Keywords

1 Introduction

Cooperation between groups of robots improves the performance of the mission and enables the agents to accomplish a goal they are not able to do individually. The objective of cooperation is to ensure that every single decision, made by agents, results in optimal decisions for the whole team. A multi-agent system consists of multiple independent agents interacting together. Each agent, in the multi-agent system (MAS), makes decisions and acts autonomously, based on its observations and also shared information of other agents, in order to reach a joint goal in the mission. MAS has some potential advantages over single robot systems, MAS can improve performance, scalability, and robustness of a mission by parallelizing actions [1], Also it can distribute the computational resources through the group of agents in decentralized systems. The fields of application of MAS have a wide range of applications, such as autonomous surveillance, reconnaissance, and exploration missions [24].

Task allocation and path planning are necessary for efficient operation of multiple robots. The goal of task allocation is to find a match between agents and tasks that maximizes the overall utility of the team. The optimization criteria vary due to purpose of the mission. Some of them minimizing the time of accomplishing the mission, minimizing the overall path of robots, or minimizing the energy consumption of all robots.

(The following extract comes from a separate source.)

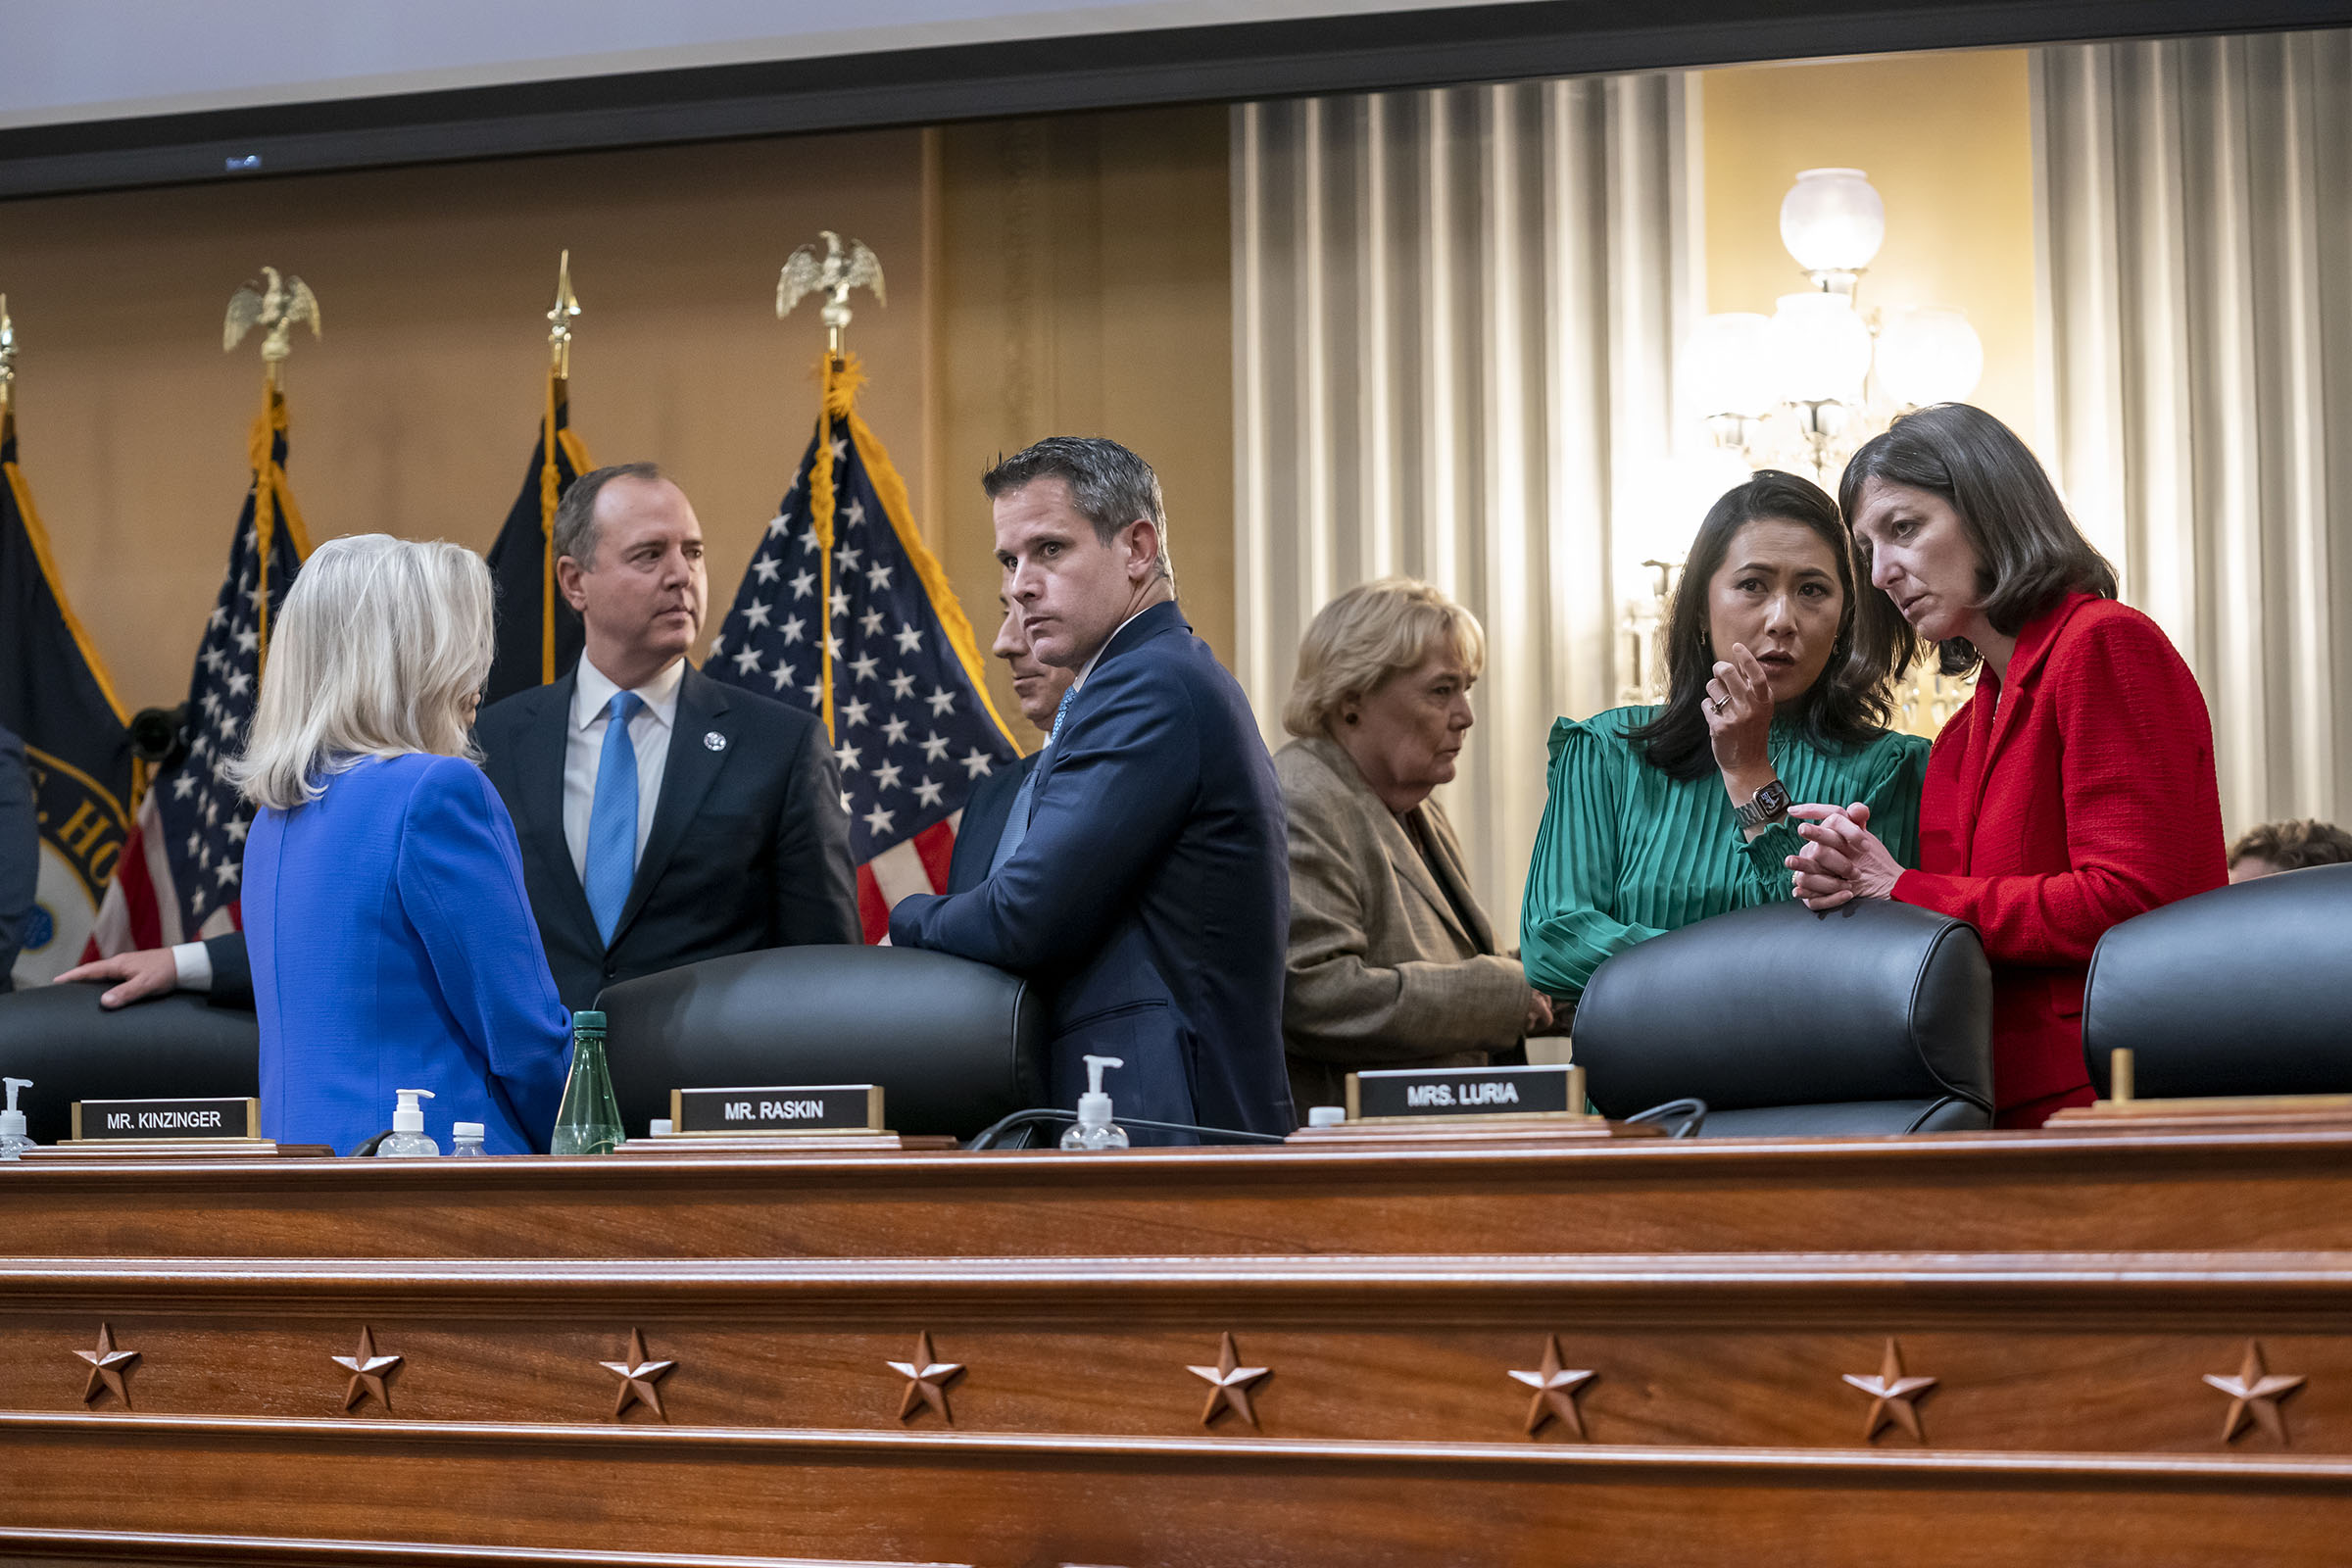 From left Vice Chair Liz Cheney, R-Wyo., Rep. Adam Schiff, D-Calif., Rep. Jamie Raskin, D-Md., partially obscured, Rep. Adam Kinzinger, R-Ill., Rep. Zoe Lofgren, D-Calif., Rep. Stephanie Murphy, D-Fla., and Rep. Elaine Luria, D-Va., during a break at a public hearing to reveal the findings of a year-long investigation on the Jan. 6 attack on the U.S. Capitol, June 9, 2022. (J. Scott Applewhite—AP)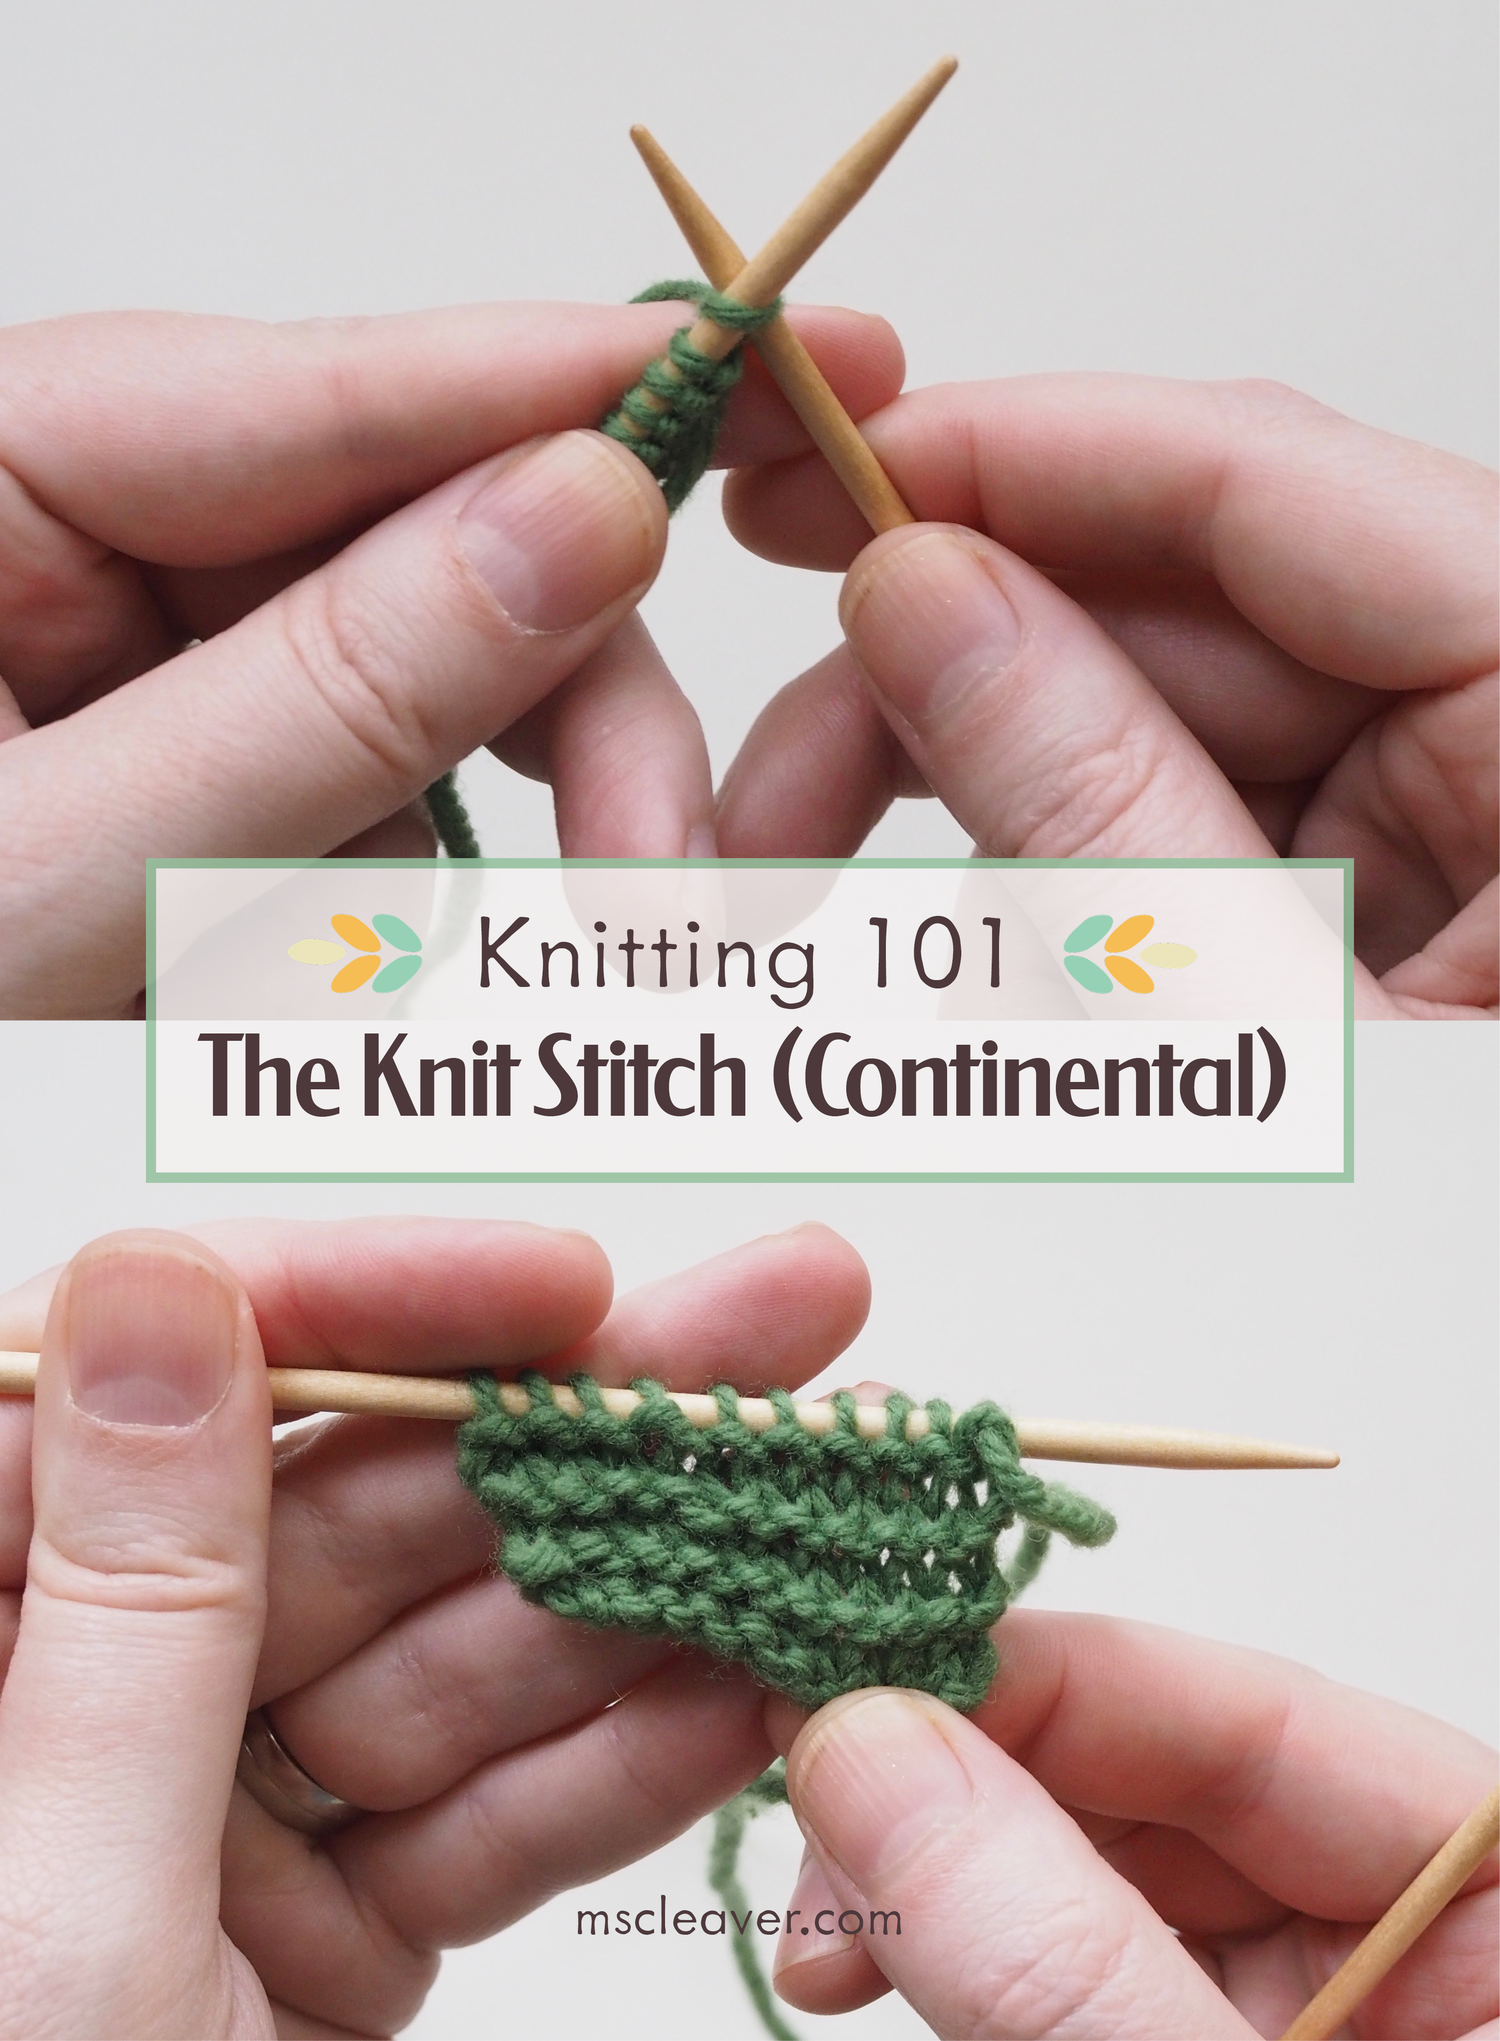 Difference between a Knit and Purl Stitch – Learn to Knit for

Task allocation for robots can be formulated as a multiple traveling salesman problem (MTSP), which is a challenging problem and considered as a NP-hard combinatorial optimization problem. Therefore there is not a specific method for finding an optimal solution. Many approaches have been developed to overcome the complexity and find optimal solutions. One of the approaches is Mixed Integer Linear Programming (MILP), which is a mathematical programming method [57]. Although solutions provided by MILP are acceptable, it is computationally expensive. Another approach is meta-heuristic algorithms such as Genetic Algorithm (GA) [810] and particle swarm optimization (PSO) [11]. GA and PSO are generic methods for finding suboptimal solutions. The meta-heuristic approaches obtain solutions quickly, however the quality of solutions might be poor, and also they might easily become intractable for large-sized problems. Another promising solution for solving the task allocation problem is introduced by learning algorithms. These approaches use a set of examples and extract the policy and build a model to determine optimal solution in test conditions. Imitation learning is one category of learning algorithms that benefits from human expert guidance thorough learning process to extract policies. These approaches are also time-consuming in large-scaled problems.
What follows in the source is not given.